По словам Майи, она просто не выдержала гормонального взрыва. Так что разврат… Да, он был, можно сказать, запределен – и в Ялте, и в Москве. Но всегда Никуша пыталась быть человеком. Помню, мне налили вина (а я тогда был непьющий) – Ника резко пришла в себя и накрыла ладонью стакан: “Тебе нельзя! Никогда!”
[148]
А у Ники был переходной возраст, всегда сложный и опасный, о нем она так говорила: «В 13 лет человек ломается, и не важно, чем он занимается: выращивает цветы или пишет стихи. Началось время выживания». Она как в воду глядела: ей в Москве пришлось выживать в полном смысле этого слова. Об этом времени, спустя годы, она рассказала Л. Шершневой в один из приездов в Ялту: «Да, в те годы я пережила сложную эмоциональную и психологическую нагрузку. Поняла, что люди считают себя повелителями, а на самом деле они уничтожают мир. Спасают мир дети. У вас бывало такое: знакомитесь с кем-то – и остается ощущение легкости и восторженности? В таких случаях говорят: он, как ребенок! Это люди, пройдя свой так называемый переходный возраст, остались людьми, но не сломались, столкнувшись с безнравственностью взрослых. В этом трепетном возрасте нужна атмосфера, которая не унижала бы человеческое достоинство. Я, как и многие мои сверстники, столкнулась с мимикрией
[149]. Честно говоря, добра ради добра не встречала: или честолюбие, или корысть».

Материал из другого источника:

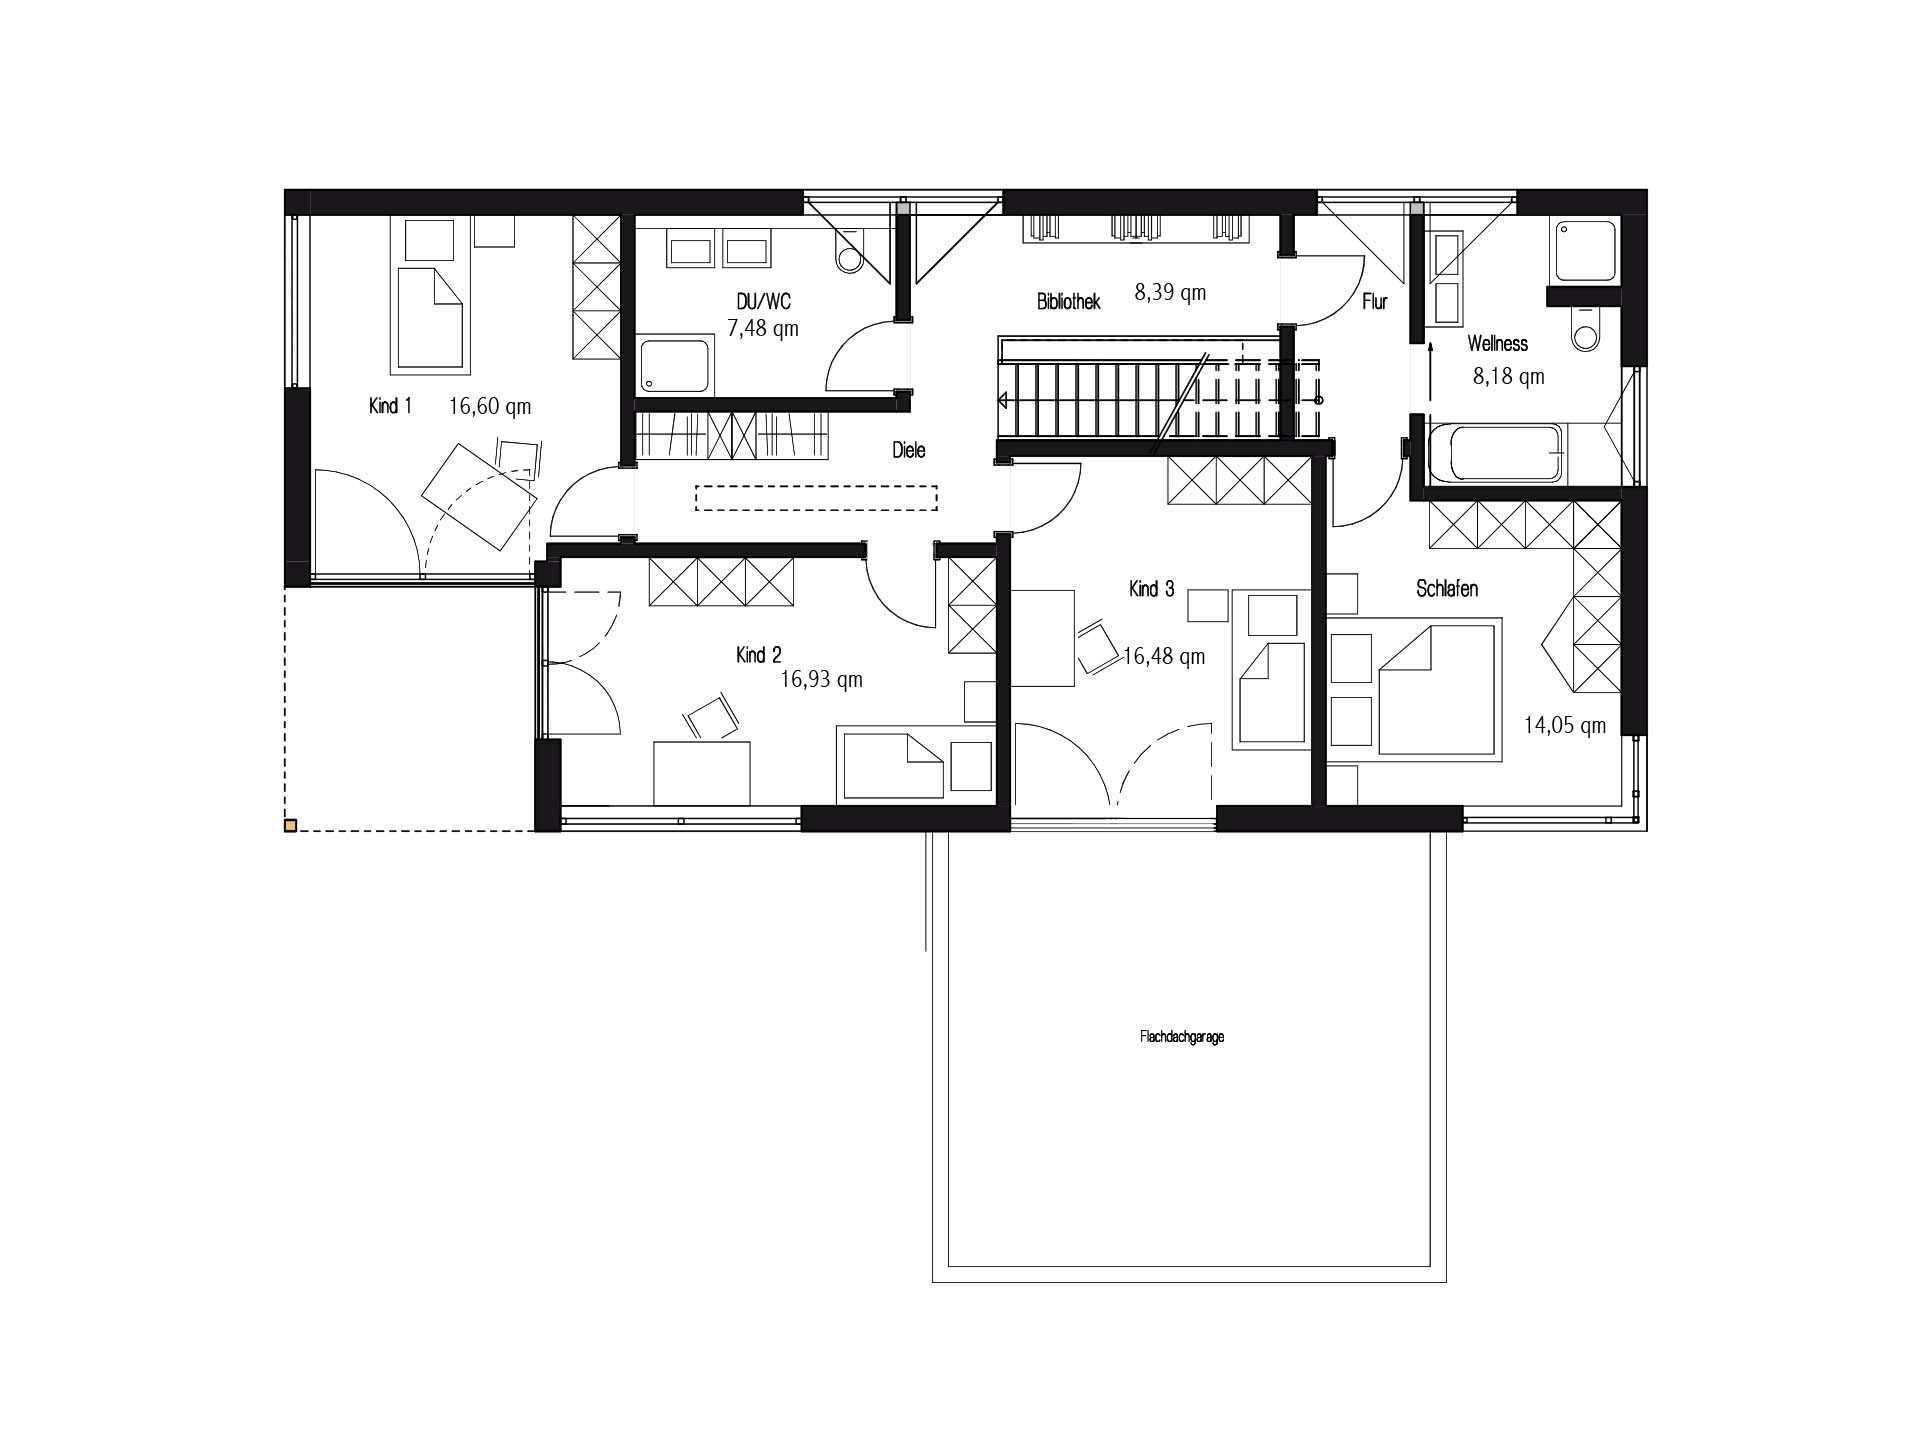 Kundenhaus in Unterfranken - Eine Nahaufnahme von einem Logo - Gebäudeplan
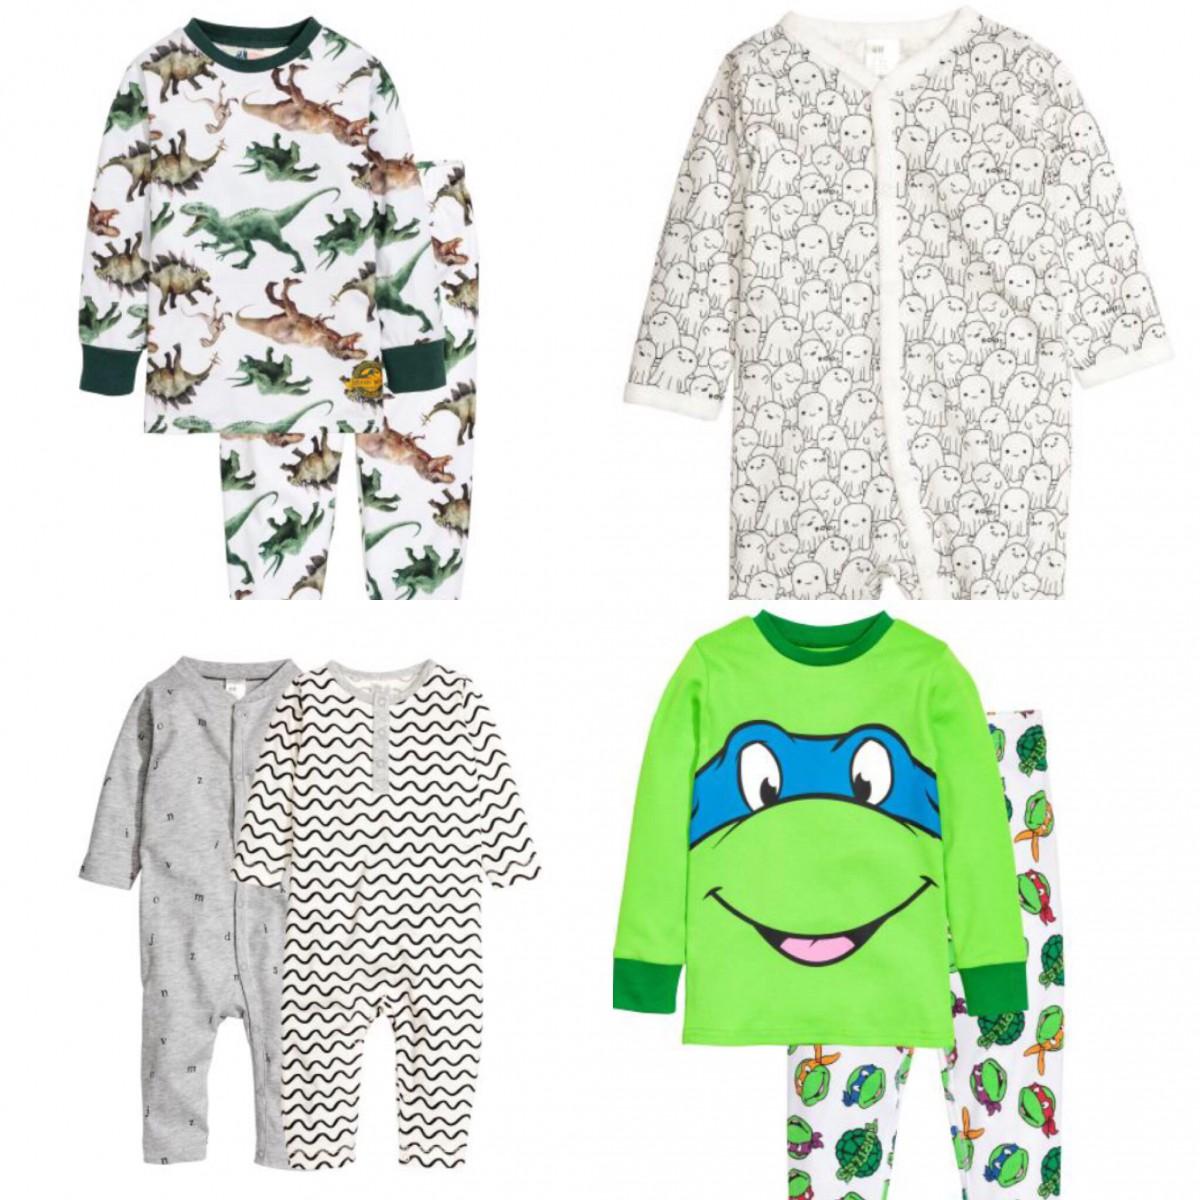 1962426d191 clockwise from top left: Jersey Pyjamas in White £9.99, Printed Pyjamas  £5.99, Jersey Pyjamas in Green £9.99, 2-pack All-in-one Pyjamas in Grey  £9.99

Находиться рядом с Никой постоянно не мог никто. Поэтому она порой «делала много ошибок, дулом направленных на себя». Иногда это было осознанно, иногда – нет, но часто – знаком протеста против того, что ее бросили родные и как поэта забыли, печатали не ее стихи, а сплетни о ней, не приглашали на выступления и съемки, избегали общения и не отвечали на телефонные звонки. Точно ее и не было. «Со мной действительно непросто, – признавалась она. – Как правило, меня терпят, но не принимают». Карпова оправдывалась: «Майя поехала в Москву, чтобы освободить меня, подвернулась ситуация. Жалко, что я не уделяла нужного времени Никуше, а уделяла этой за…банной работе. Ника была такая чуткая в доме, прислушивалась к нашему настроению, утешала нас». Но все это осталось в прошлом.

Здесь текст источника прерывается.